In the Republic of Palau, efforts are underway to transition from a tourism-dependent economy to a more self-sustaining industrial structure. However, these industrial activities pose environmental risks, including the discharge of waste and pollutants into coastal waters and the overexploitation of coastal fishery resources. These factors raise concerns regarding the degradation of Palau’s critical natural assets, particularly its coral reef ecosystems. This study aims to develop a model to simulate the propagation of terrestrial materials, such as sediments and nutrients, into seawater to analyze the impacts of inland industrial structural changes on coastal ecosystems.
Focusing on the river systems in Aimeliik State, located on the western coast of Palau, and the adjacent marine area of Ngermaduu Bay, which features a well-developed lagoon, we simulated the influx of terrestrial materials into estuaries using a watershed model using the Soil and Water Assesment Tool plus (SWAT+; Bieger et al., 2017). To improve model accuracy, a field survey was conducted in Palau during the latter half of the rainy season, from September 11 to September 18, 2024. Water sampling, river cross-section surveys, velocity and discharge measurements, and temperature, salinity and turbidity using a multi-water quality profiler (AAQ-RINKO, JFE Advantech Co., Ltd.) were performed at some rivers. Additionally, flow velocity, water level and turbidity loggers were installed in one of the rivers in Aimeliik Stat. Furthermore, we conducted water sampling, multi-water quality profiling using AAQ, and depth measurements at multiple points in and around Ngermaduu Bay to understand terrestrial impacts on the adjacent coastal areas.

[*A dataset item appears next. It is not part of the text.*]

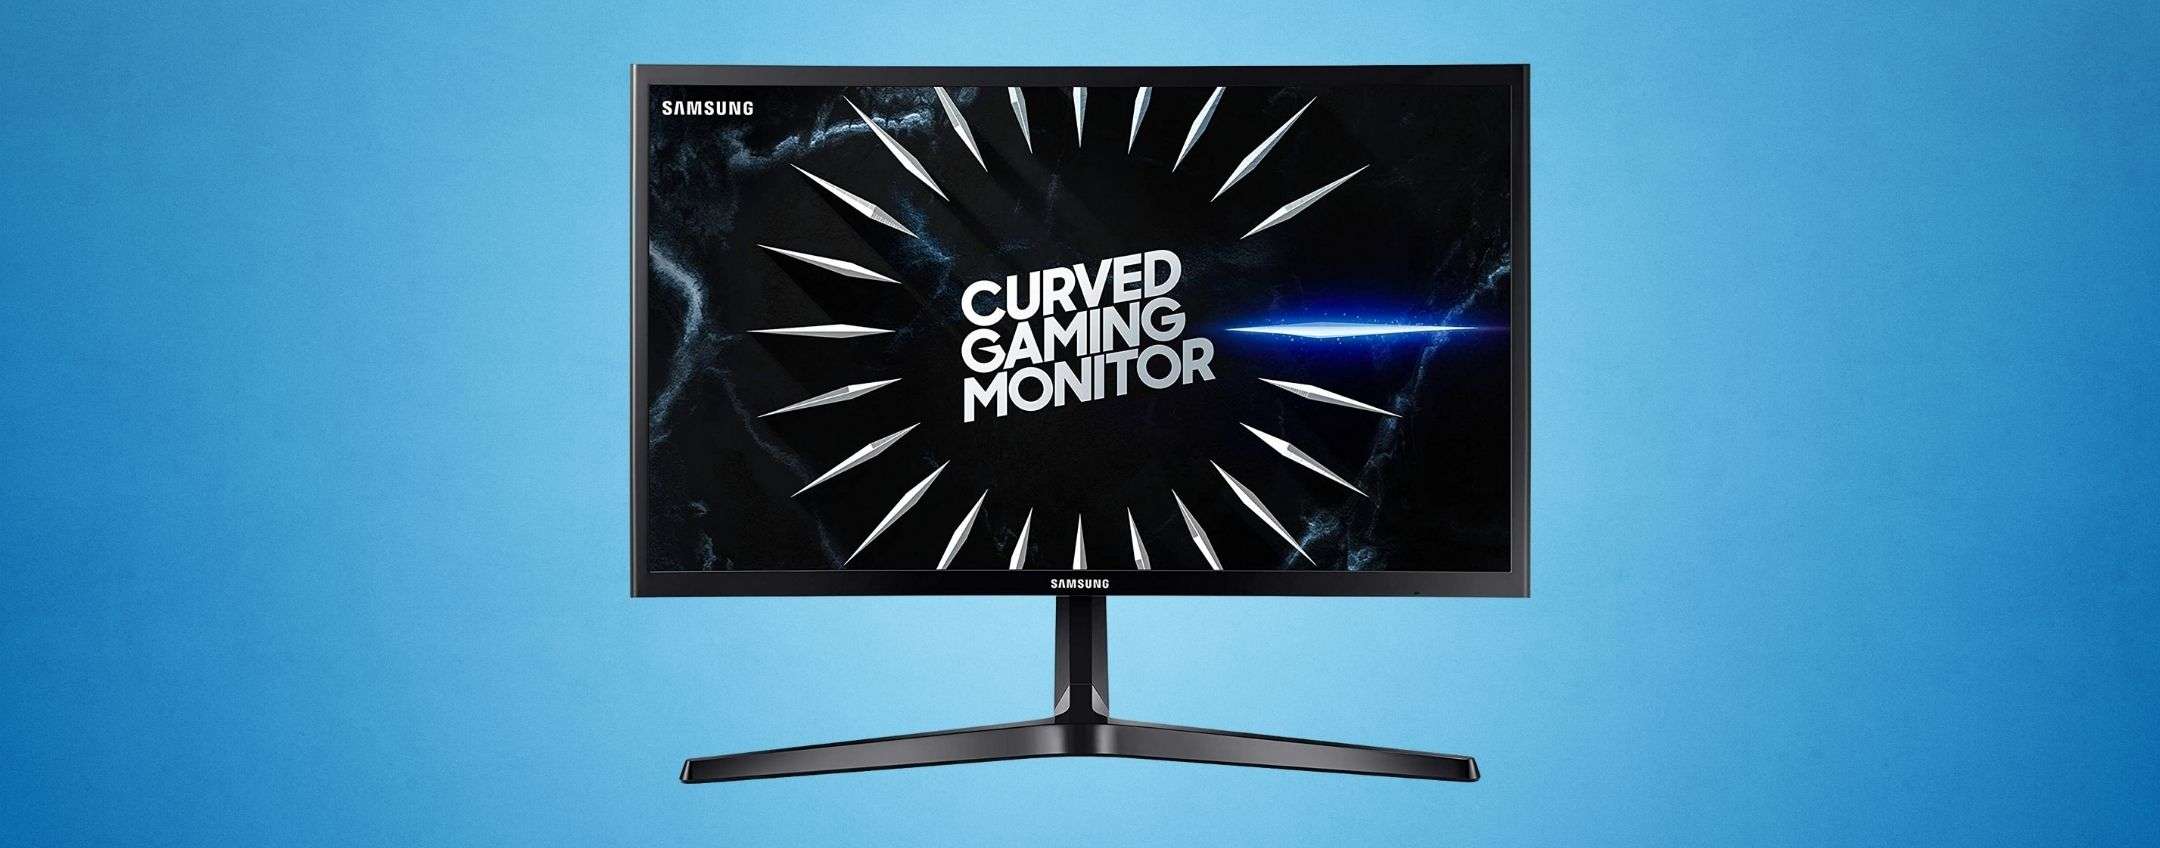 Monitor Gaming curvo 24 144Hz C24RG52
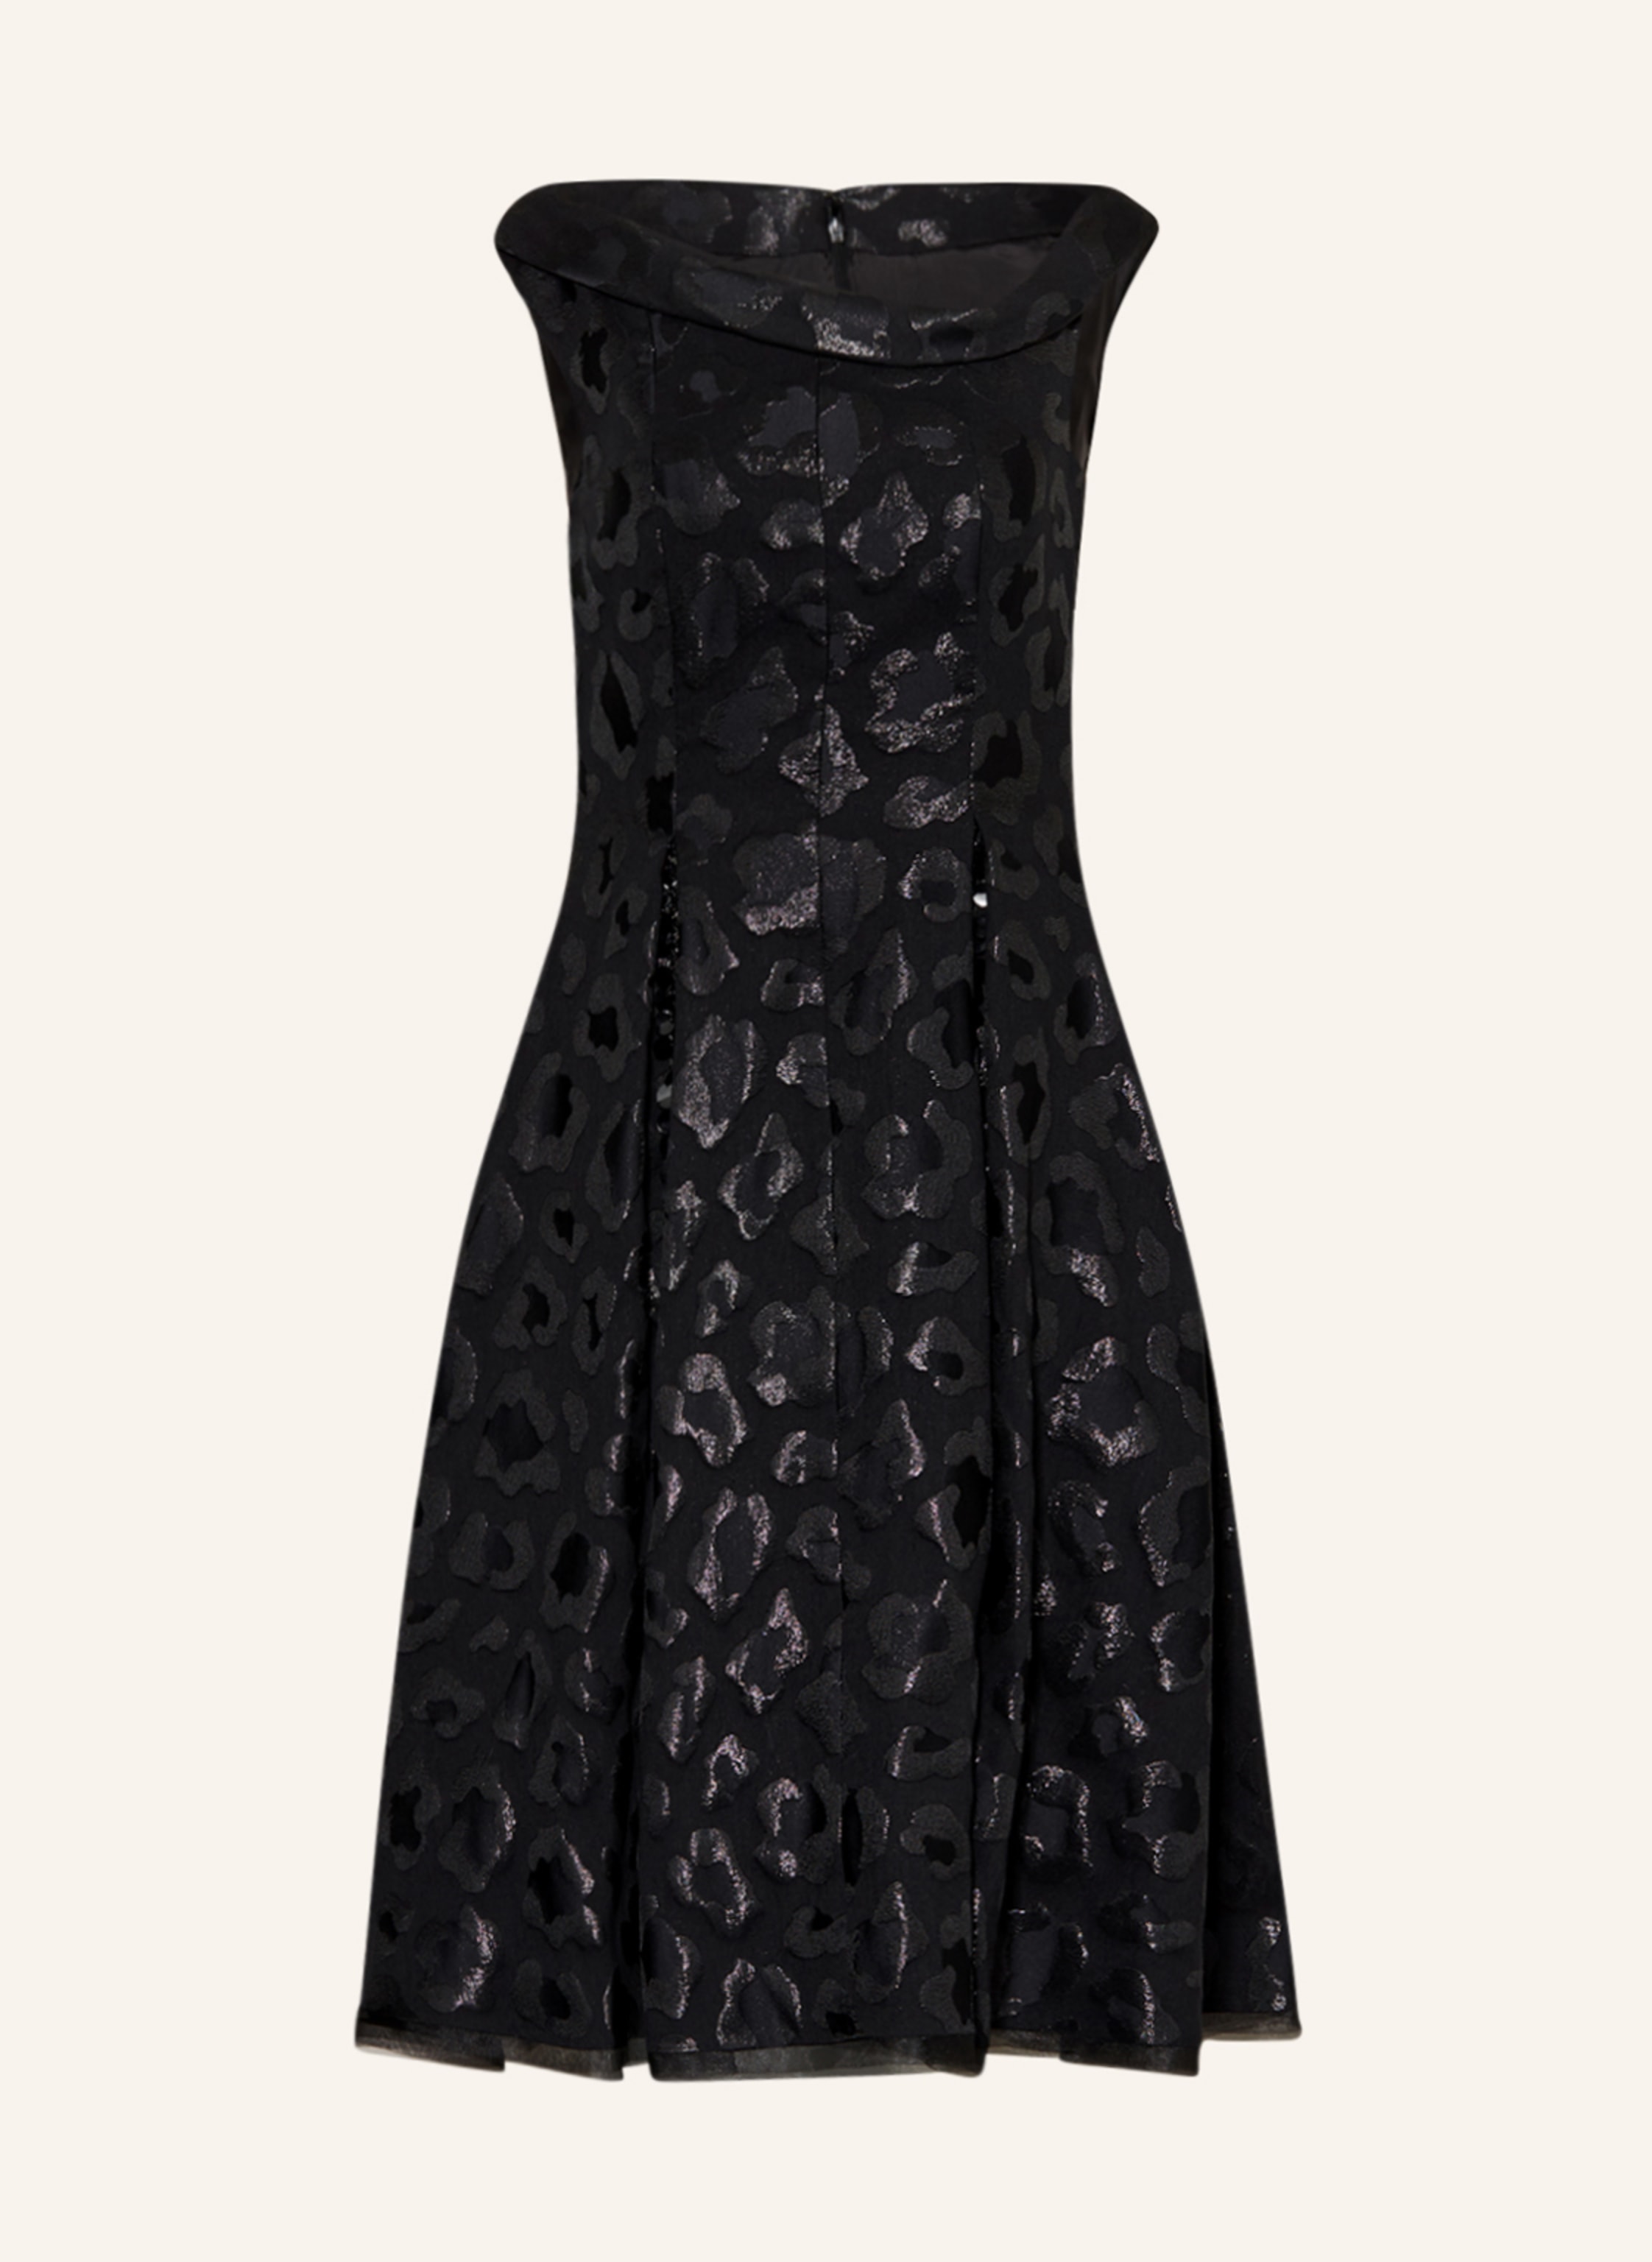 TALBOT RUNHOF Jacquard-Kleid mit Glitzergarn und Pailletten in schwarz

For developing a watershed model for the whole of Palau Island using SWAT+, the Hydrologic Response Units (HRUs), which serve as the fundamental computational units for material balance, were delineated using USGS degetal elevation model, the ESRI 10m Land Cover Map, and soil survey results from the USDA for soil data. The ERA5 reanalysis dataset was utilized to provide the necessary meteorological data for the simulation.
To estimate river discharge based on water levels in the target rivers of Aimeliik State, we developed a head-flow curve (H-Q curve) using both logger-recorded and manually measured values. The obtained equation was Q = 0.18e^4.1H (R²=0.86). Analysis of meteorological data for runoff modeling showed an average precipitation of 10.1 mm, with a maximum of 286 mm and a minimum of 0 mm, indicating substantial variability. The mean air temperature was 28.3°C, with periodic fluctuations in maximum and minimum temperatures. These trends were also observed in solar radiation, humidity, and wind speed, suggesting seasonal differences between the wet and dry seasons. Vertical profiles obtained from AAQ measurements in the bay revealed a salt-wedge structure, characterized by higher salinity in the bottom layer and lower salinity in the surface layer. Additionally, a decreasing turbidity gradient and increasing salinity toward the open ocean were observed. Using SWAT+, we simulated the discharge of flow, sediments, and nutrients at the river mouths of Aimeliik State and Ngermaduu Bay.
Moving forward, we will refine and validate the model using calibration based on observed data, including nutrient concentrations from water samples. Furthermore, we will integrate field-measured oceanic parameters to advance the development of a hydrodynamic model for the region.